Just reading "man lf64" about the so-called transitional interfaces for
largefile-aware 32-bit programs. I do understand why we have stat64() et
al: because they have to operate on a "struct stat64" which has members
capable of representing 64-bit offsets. That makes sense. But it
suddenly occurred to me that I have no idea why we have such interfaces
as open64() and fopen64().
Neither of these has any offsets in its signature. E.g. open() takes a
string and a bitmask (more or less) and returns an int and the same is
true for open64(). The number of available file descriptors might change
in a true 64-bit program but not in a "transitional" 32-bit program. And
neither variant of open ever has a need to "see" the entire file anyway.
I figured that for fopen64 it might be because it returns a FILE64 * but
I don't see such a thing in stdio.h ... So what do these interfaces do
that needs to be aware of file offsets?
--
Thanks,
M.Biswas
|
|
0
|
|
|
|
Reply
|
Mohun
|
7/13/2004 9:48:05 PM |
|
In article <oMYIc.69505$a24.59741@attbi_s03>, Mohun Biswas wrote:
>suddenly occurred to me that I have no idea why we have such interfaces
>as open64() and fopen64().
>I figured that for fopen64 it might be because it returns a FILE64 * but
>I don't see such a thing in stdio.h ... So what do these interfaces do
>that needs to be aware of file offsets?
What happens after you've started reading a file and it wants to
keep track of your current position ? fseek(), ftell() sort of stuff ?
--
Elvis Notargiacomo master AT barefaced DOT cheek
http://www.notatla.org.uk/goen/
|
|
0
|
|
|
|
Reply
|
elvis
|
7/13/2004 10:16:13 PM
|
|
all mail refused wrote:
> In article <oMYIc.69505$a24.59741@attbi_s03>, Mohun Biswas wrote:
>
>
>>suddenly occurred to me that I have no idea why we have such interfaces
>>as open64() and fopen64().
>
>
>>I figured that for fopen64 it might be because it returns a FILE64 * but
>>I don't see such a thing in stdio.h ... So what do these interfaces do
>>that needs to be aware of file offsets?
>
>
> What happens after you've started reading a file and it wants to
> keep track of your current position ? fseek(), ftell() sort of stuff ?

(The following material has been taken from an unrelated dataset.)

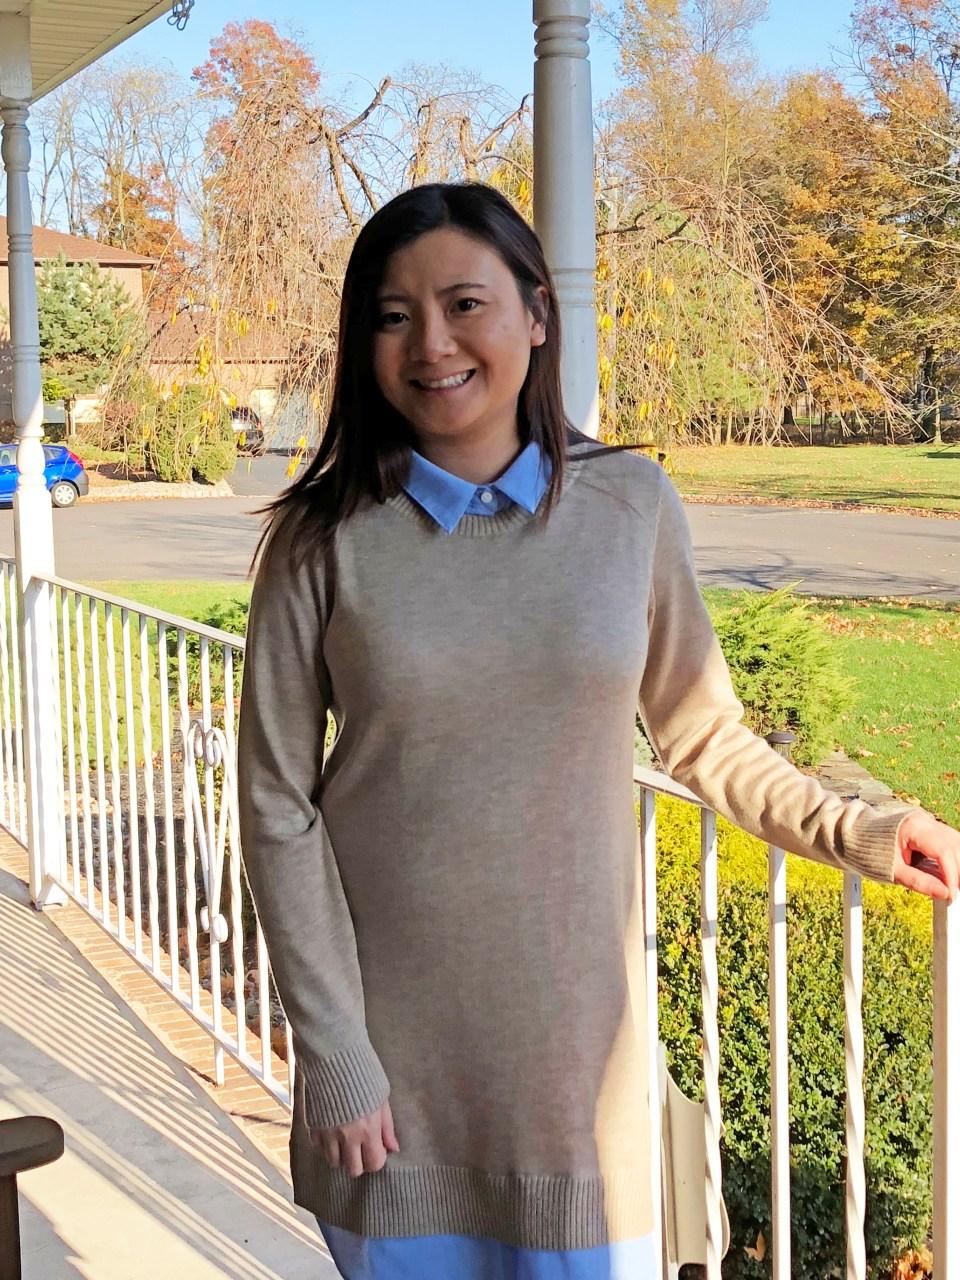 Oxford Blue Shirt Sweater Dress 13

I didn't ask about why we have fseeko64. The answer to that is obvious.
The question is why do we have open64 and fopen64.

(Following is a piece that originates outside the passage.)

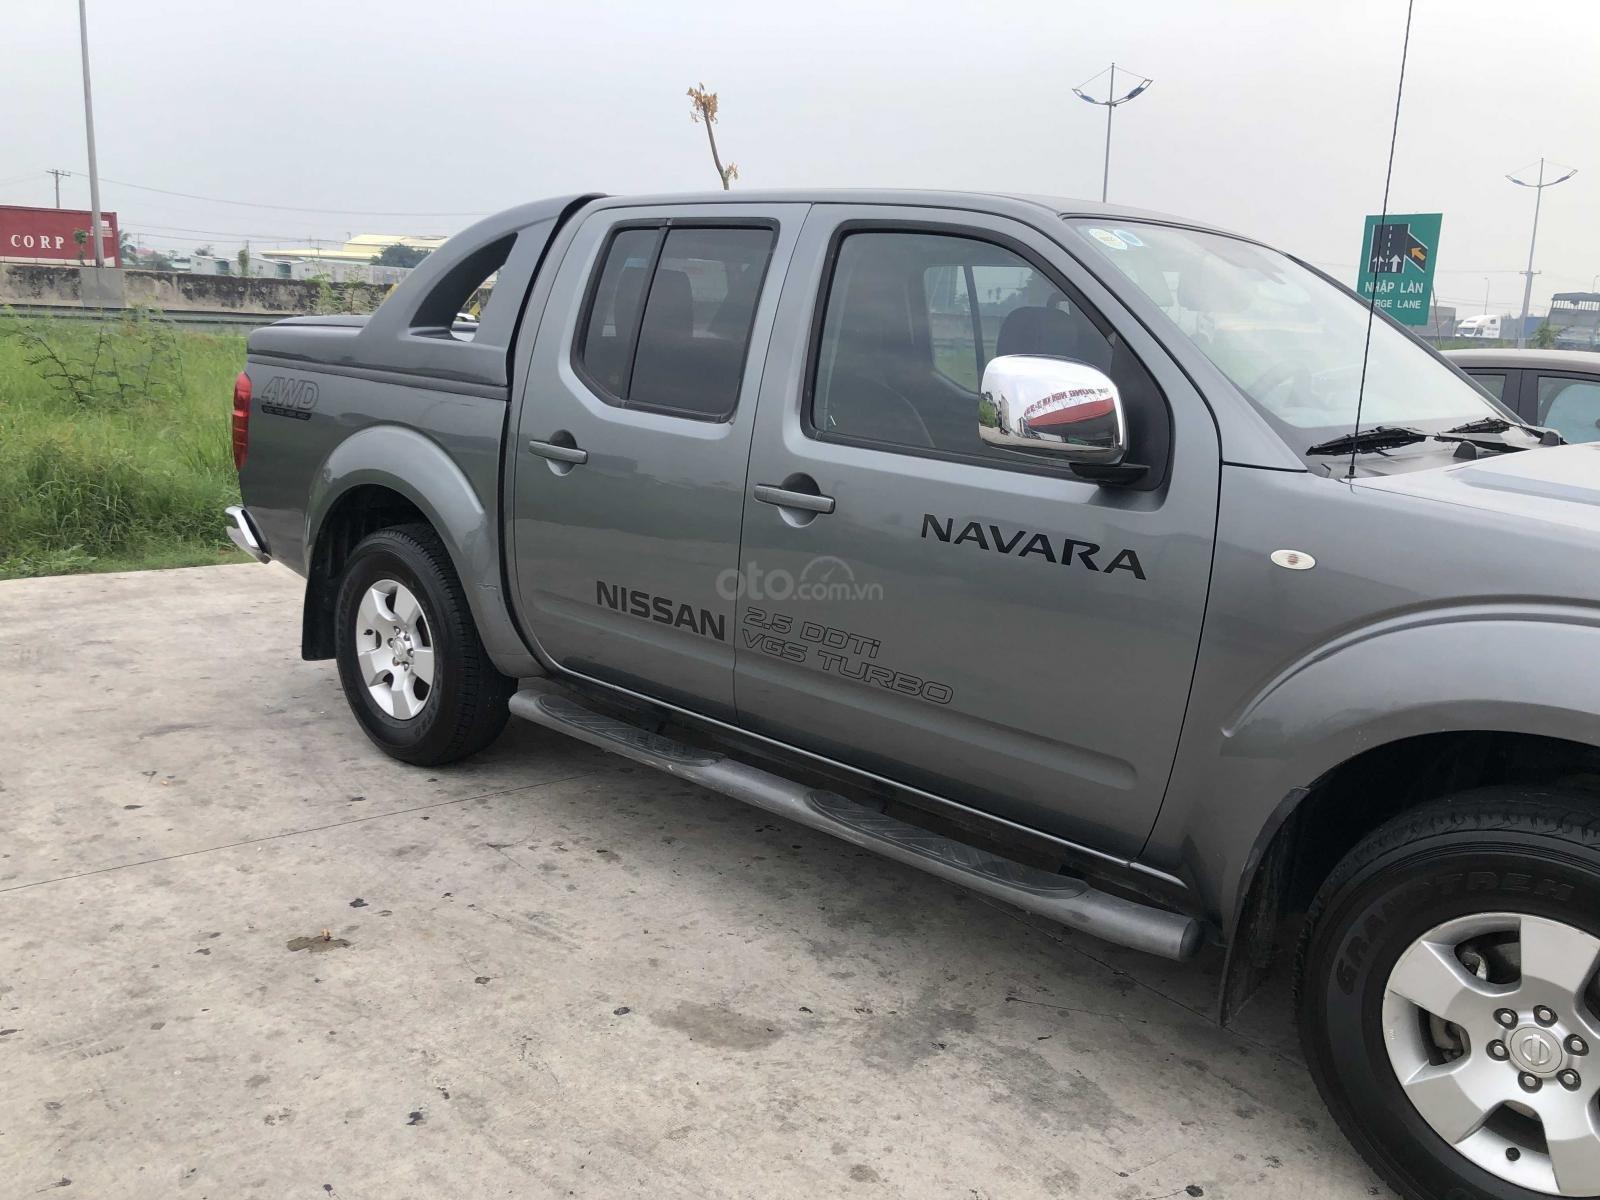 Bán xe Nissan Navara đăng ký 2011 chỉnh chủ giá 315 triệu đồng (2)

Put it another way: when adding functionality the A plan is always to
integrate it seamlessly. Only when that doesn't work do we go to plan B,
which is to add a new interface and deprecate the old one. Why is
open/open64 on the B plan?
--
Thanks,
M.Biswas
|
|
0
|
|
|
|
Reply
|
Mohun
|
7/14/2004 12:29:07 AM
|
|
Mohun Biswas wrote:
> Put it another way: when adding functionality the A plan is always to
> integrate it seamlessly. Only when that doesn't work do we go to plan B,
> which is to add a new interface and deprecate the old one. Why is
> open/open64 on the B plan?
Responding to my own post to clarify the question even further. Let's
say I open a file with open(), e.g.:
int fd = open("foo", O_WRONLY); // error checking elided
Now, what's to stop me from pumping data into that file till there's
more than 2GB accumulated? What data structure would overflow? How would
it have worked better if I'd used open64()? They'd both return the same
fd value, right? And if the kernel is going to prepare the file
descriptor differently in some way with open64(), enabling it to hold
more than 2GB of data, why shouldn't it give the same gift to a user of
open() since doing so wouldn't break the interface or SUS in any way?
--
Thanks,
M.Biswas
|
|
0
|
|
|
|
Reply
|
Mohun
|
7/14/2004 12:38:43 AM
|
|
Mohun Biswas <m.biswas@invalid.addr> writes:
>Neither of these has any offsets in its signature. E.g. open() takes a
>string and a bitmask (more or less) and returns an int and the same is
>true for open64(). The number of available file descriptors might change
>in a true 64-bit program but not in a "transitional" 32-bit program. And
>neither variant of open ever has a need to "see" the entire file anyway.
>I figured that for fopen64 it might be because it returns a FILE64 * but
>I don't see such a thing in stdio.h ... So what do these interfaces do
>that needs to be aware of file offsets?
The point is that a file opened with an old interface cannot be extended
beyond 2GB and open of files over 2GB will fail.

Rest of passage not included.